__Assigned task__.
Without the pictures, output all of the data exactly.

__Given information__.
———
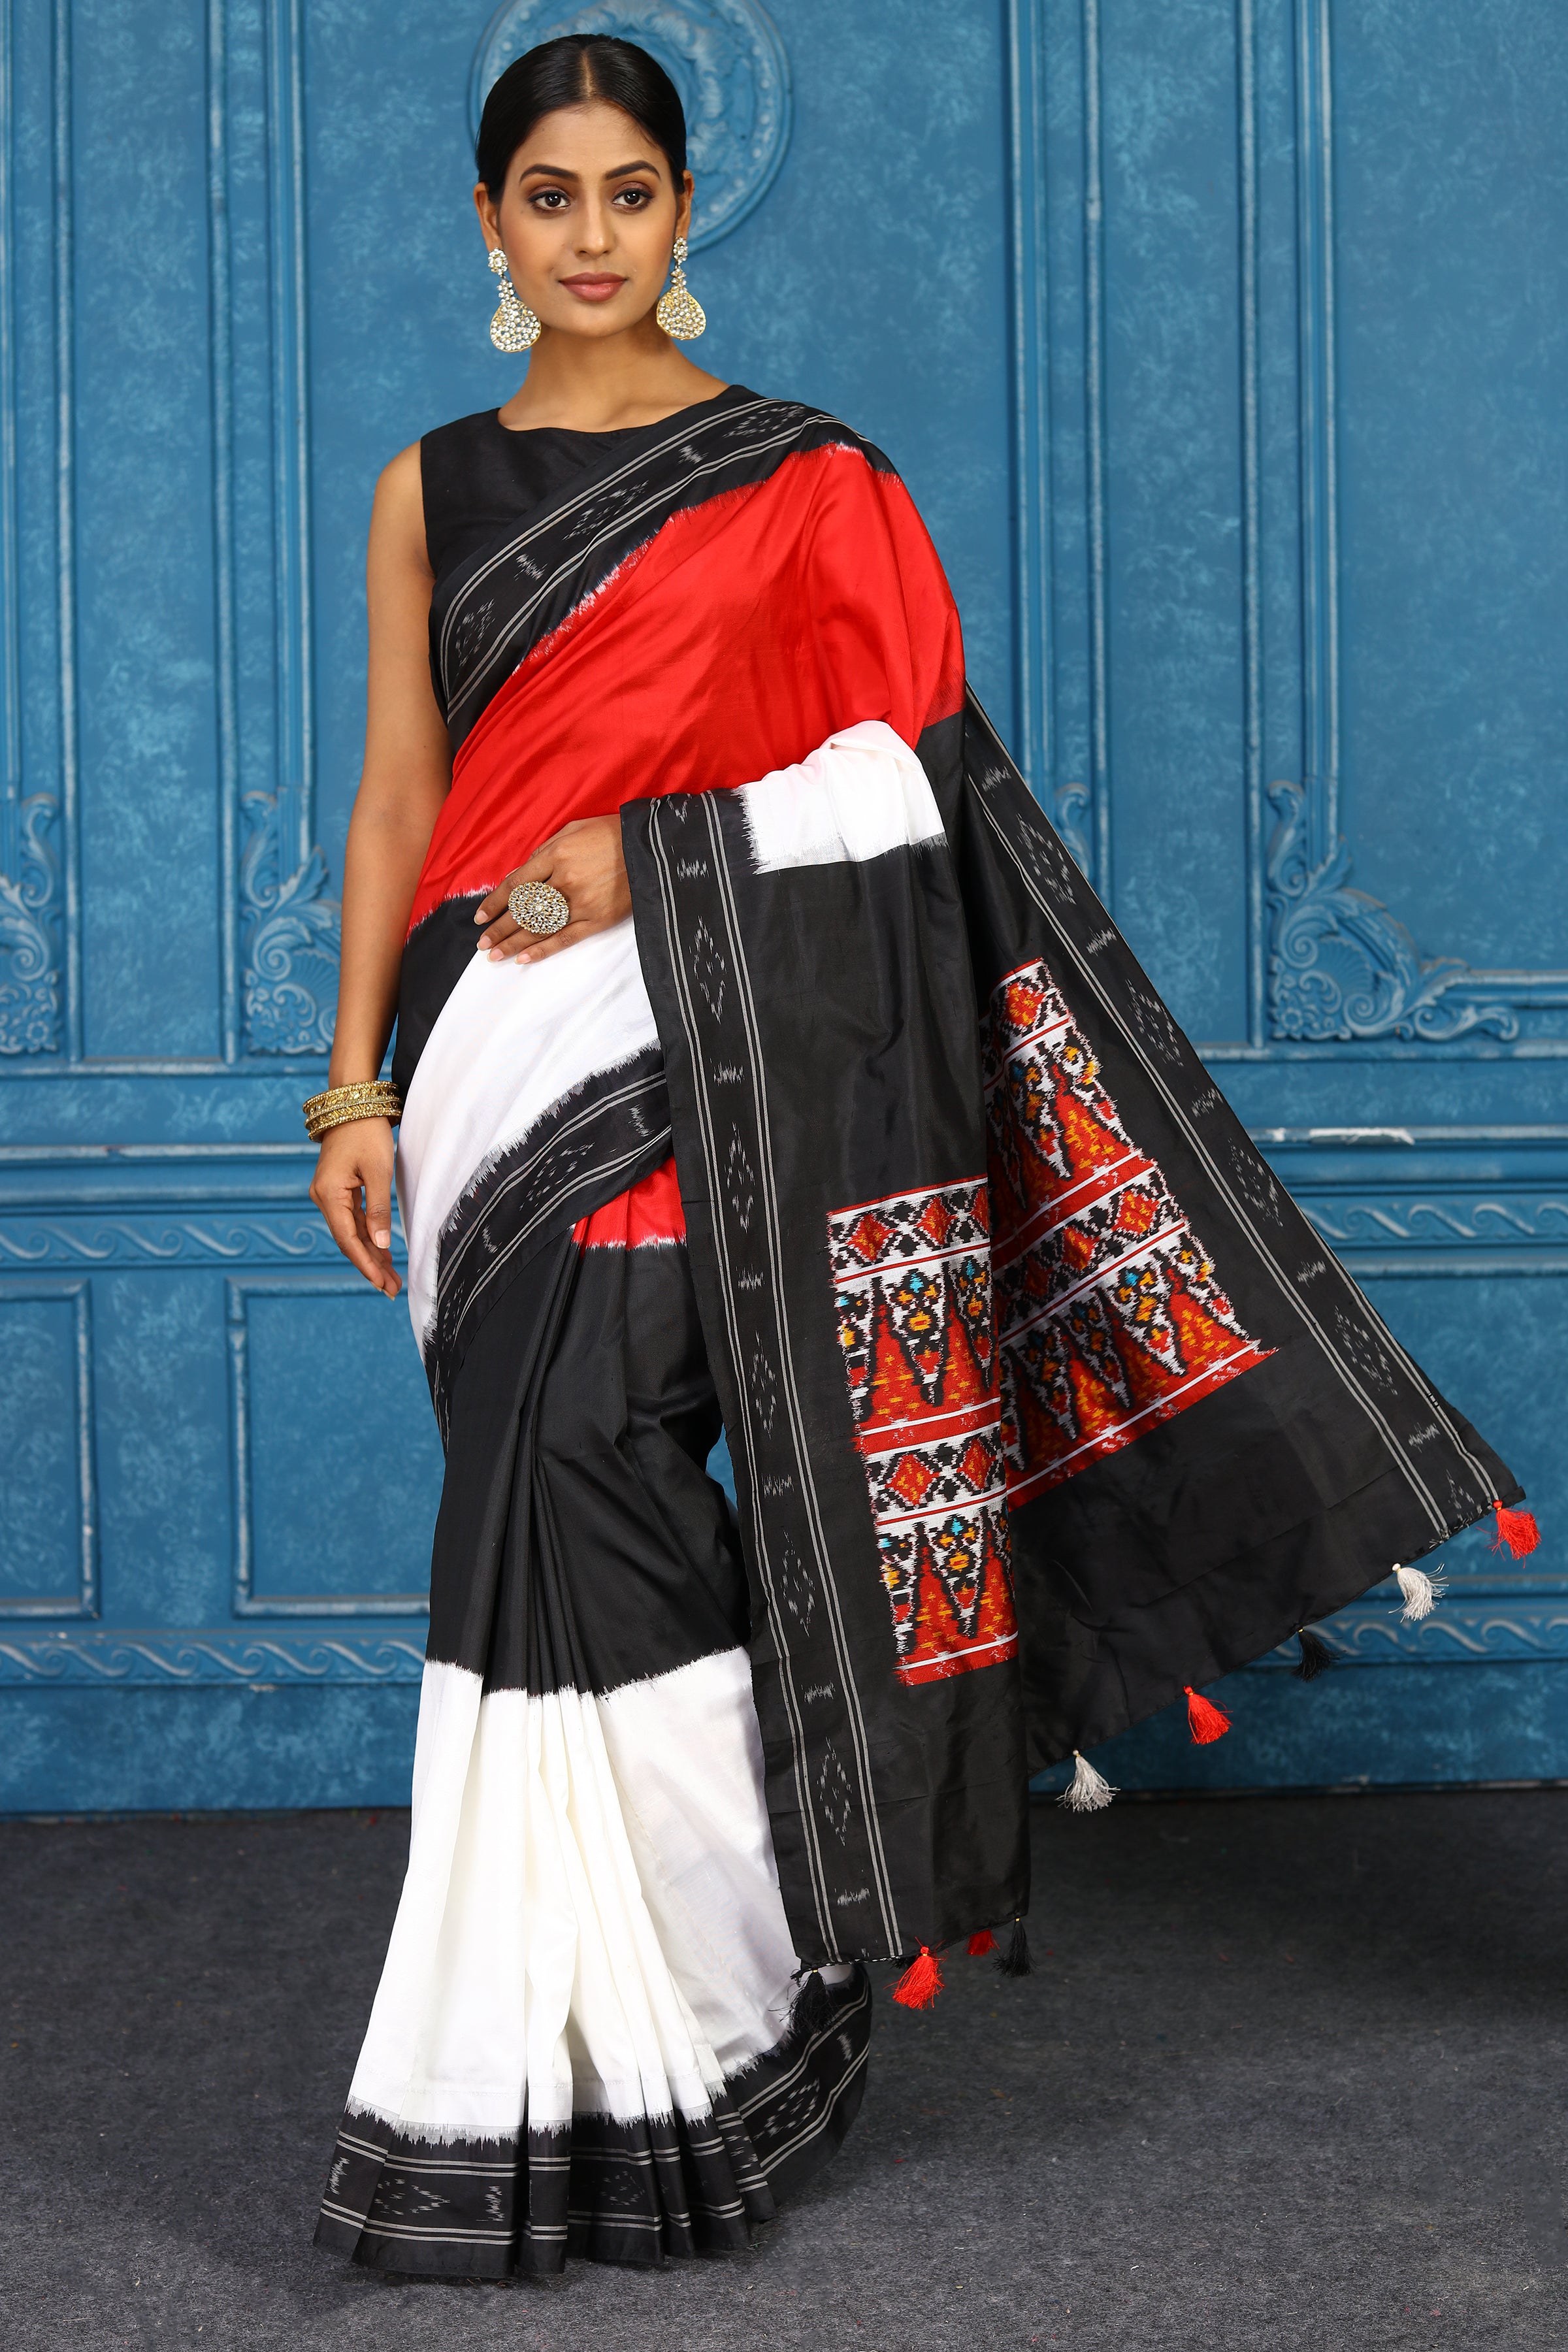 Shop black, white and red pochampally silk ikkat sari online in USA. Look your best on festive occasions in latest designer sarees, pure silk sarees, Kanchipuram sarees, handwoven sarees, tussar silk sarees, embroidered sarees from Pure Elegance Indian clothing store in USA.-full view
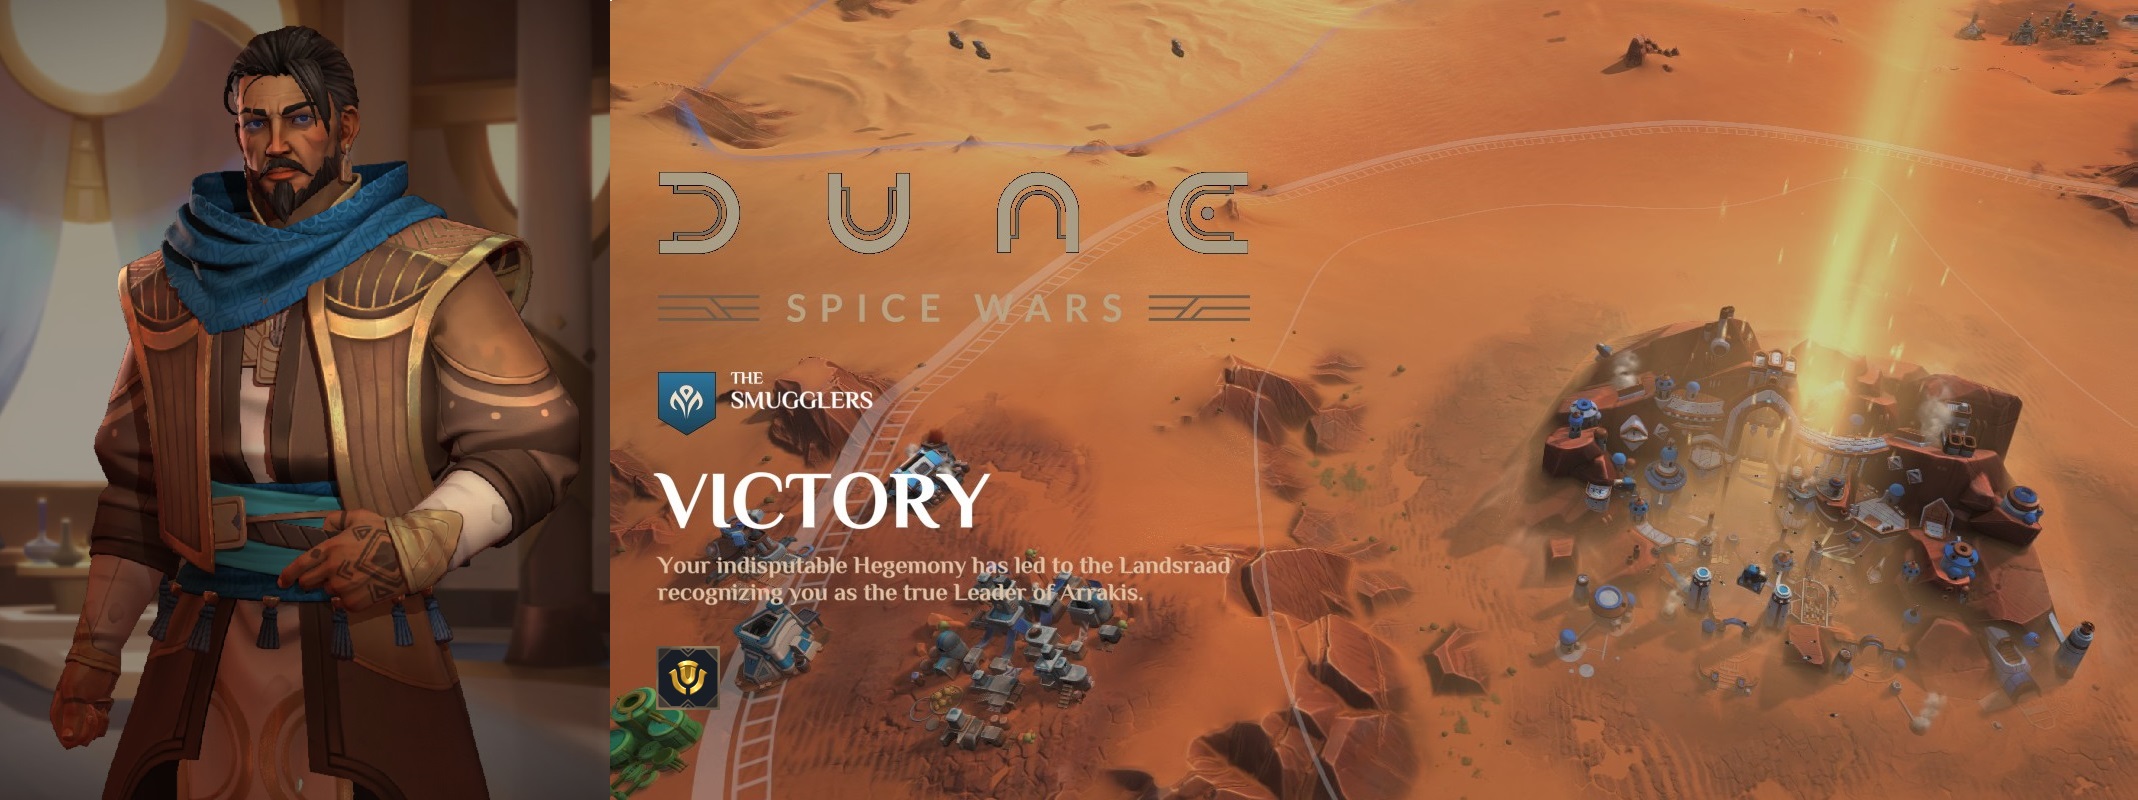 Dune: Spice Wars - A Mentat's guide to Arrakis - The Smugglers - 8D34E72
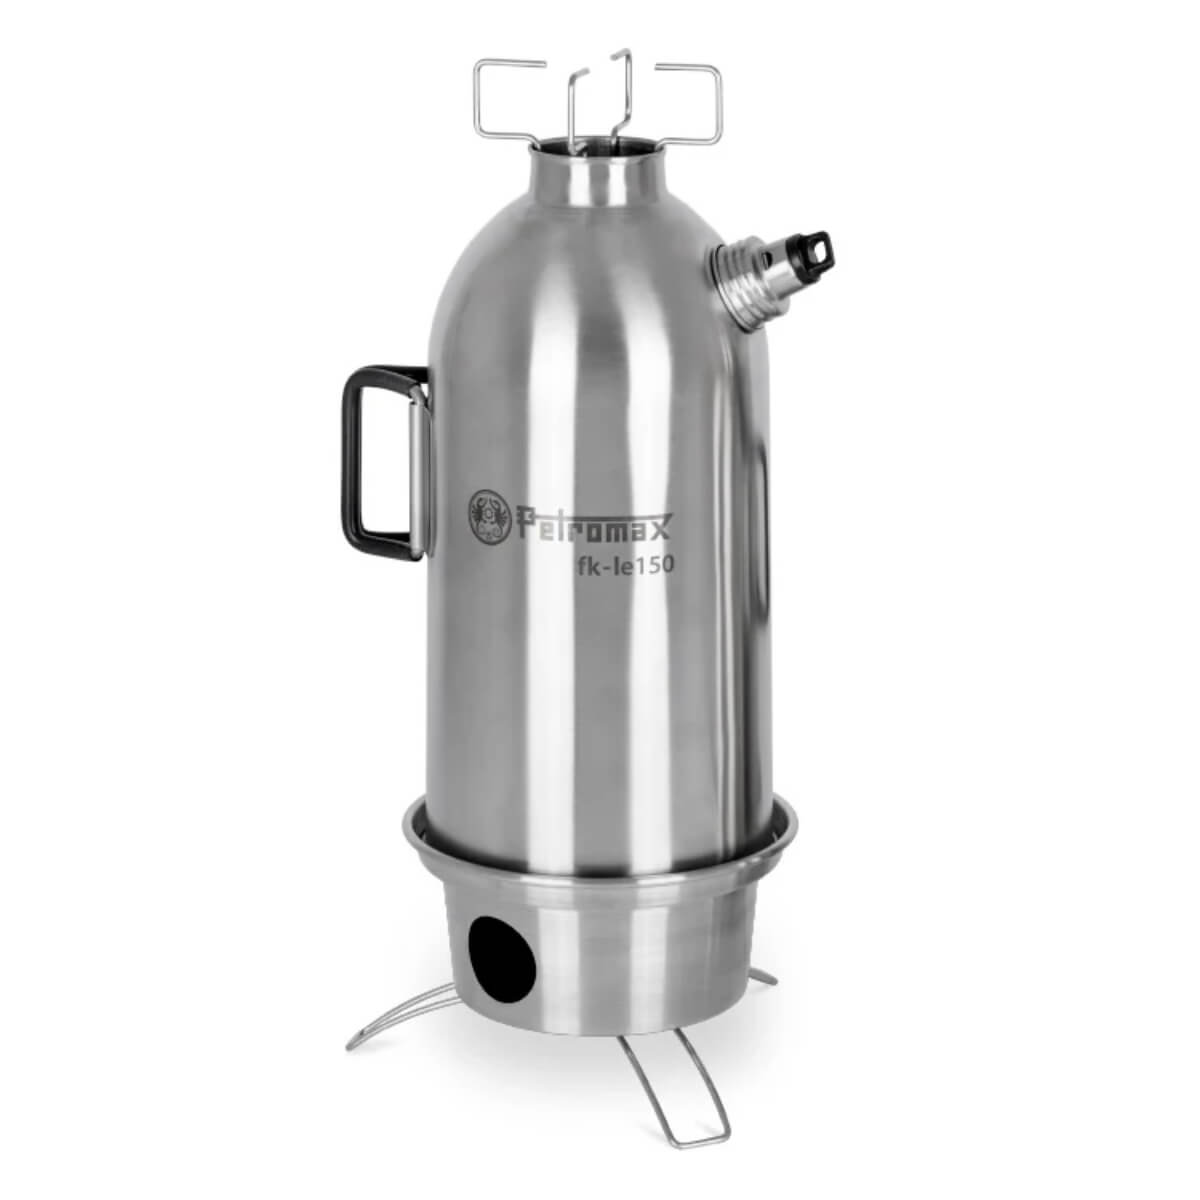 Petromax 1.5L Stainless Steel Fire Kettle
———
__Answer space__.
 Shop black, white and red pochampally silk ikkat sari online in USA. Look your best on festive occasions in latest designer sarees, pure silk sarees, Kanchipuram sarees, handwoven sarees, tussar silk sarees, embroidered sarees from Pure Elegance Indian clothing store in USA.-full view
 Dune: Spice Wars - A Mentat's guide to Arrakis - The Smugglers - 8D34E72
 Petromax 1.5L Stainless Steel Fire Kettle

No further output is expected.